平成11年5月26日法律第52号「児童買春、児童ポルノに係る行為等の処罰及び児童の保護等に関する法律」の通称。当時連立与党だった自由民主党と社民党(社会民主党)と新党さきがけ(いわゆる "自社さ")が議員提出法案として提出し、可決された法律である。
この法律は、18歳に満たない者(これを児童と定義する)に対する性行為の描写(写真やビデオなど)を禁止するものである。
この法律の最終的な目標は、児童に対する虐待防止ではない。それはあくまで理由の一つに過ぎず、実際は "青少年有害社会環境対策基本法" (通称 "青環法"(せいかんほう))という法律を施行させる基盤を日本に作ることである。
これは結局なにかというと、"青少年に有害" という名目のみで、あらゆるメディアを規制するという、民主国家の根幹を崩壊させること必至の、もちろん違憲のファシスト法の法案である。
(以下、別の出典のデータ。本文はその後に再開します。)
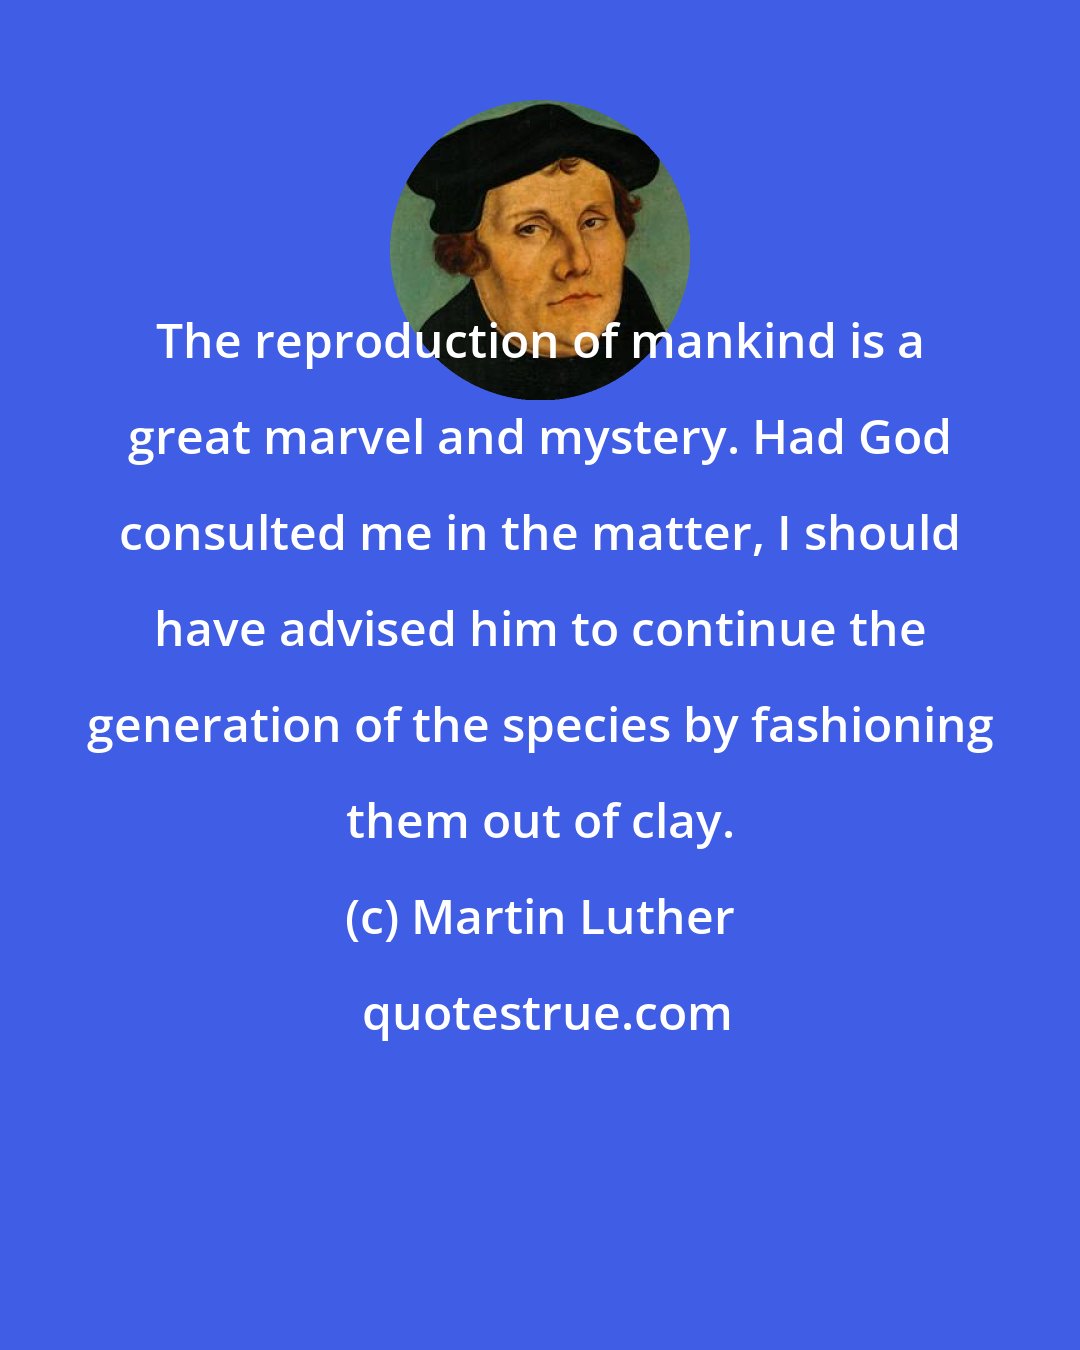 Martin Luther: The reproduction of mankind is a great marvel and mystery. Had God consulted me in the matter, I should have advised him to continue the generation of the species by fashioning them out of clay.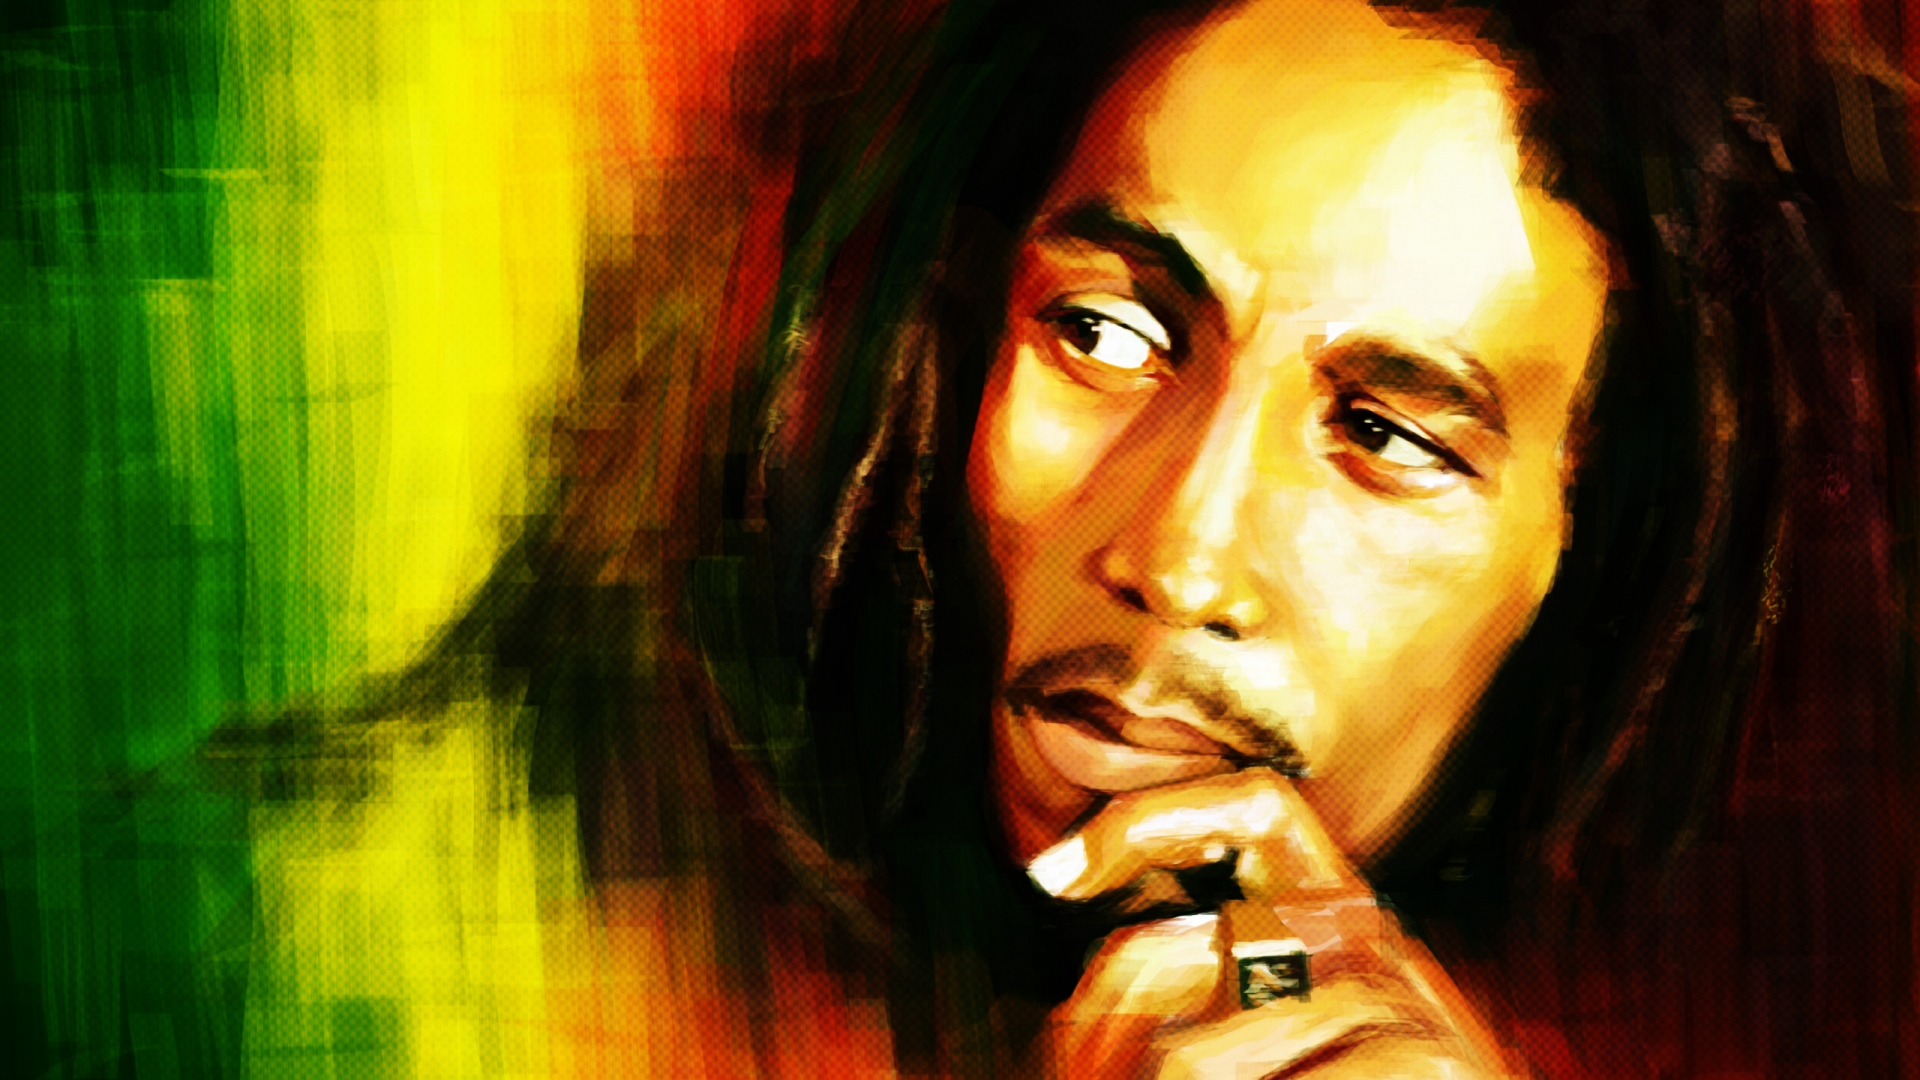 Marley Portrait Painting High Definition Wallpaper HD

青環法は暴力表現から政治思想まで、ありとあらゆるものが規制対象である。
その第一段階として、まず本物の児童による児童ポルノ規制を初める。これは成功し、法律として施行された。
そして第二段階からいよいよ本番の始まりである。"児童ポルノ規制" という甘美な響きの名を借り、反対しにくい風潮を作りながら(反対したらまるで児童ポルノ賛成の変態のようである)、その実、"創作物規制法" としての法の改悪が始まる。改悪案として、特に、(1)児童ポルノの単純所持を禁止、(2)絵も規制する、という二点が最大の問題である。法律の目的は児童を性的搾取や性的虐待から保護することであるのに、その論点が完全にずれている。
これによりもし改悪が成功することになれば、出版社の自主規制も一段と厳しくなり、絵、つまり "まんが" の出版自体が困難となる。またエロまんがでなくても "衣服の全部又は一部を脱いだ児童の姿態" が規制対象である以上、演出上描写される入浴シーンや水着、果ては戦闘で服が破れるといった表現(例えばドラゴンボール)も一切出来なくなる。場合によっては短パンや半袖、ミニスカートなども規制される恐れが存在する。
このため、少年誌、少女漫画誌はほぼ壊滅。もちろん健全なまんが家の大半も職を失うことになる。同人作家も減り、かのコミックマーケットも開催困難となる。こうなると、日本ではかなり、まんがが読みづらくなることは疑う余地はない。
この法の改悪で利益が出るものは殆どおらず、まんがが売れなくなって経済に大きな影響が出るだろう。そして、今までエロまんがを欲望のはけ口にしていた一部の輩が性犯罪に走り、今以上にレイプなどの凶悪犯罪が増加する恐れがある(お隣の韓国では実際そうなってしまった)。そして、続く第三段である青環法の足場作りにもなってしまい、気まずいことこの上ない。
従って、実写ポルノはともかく、絵や表現の規制に繋がる法の改悪は防がないと、将来とんでもないことになってしまう。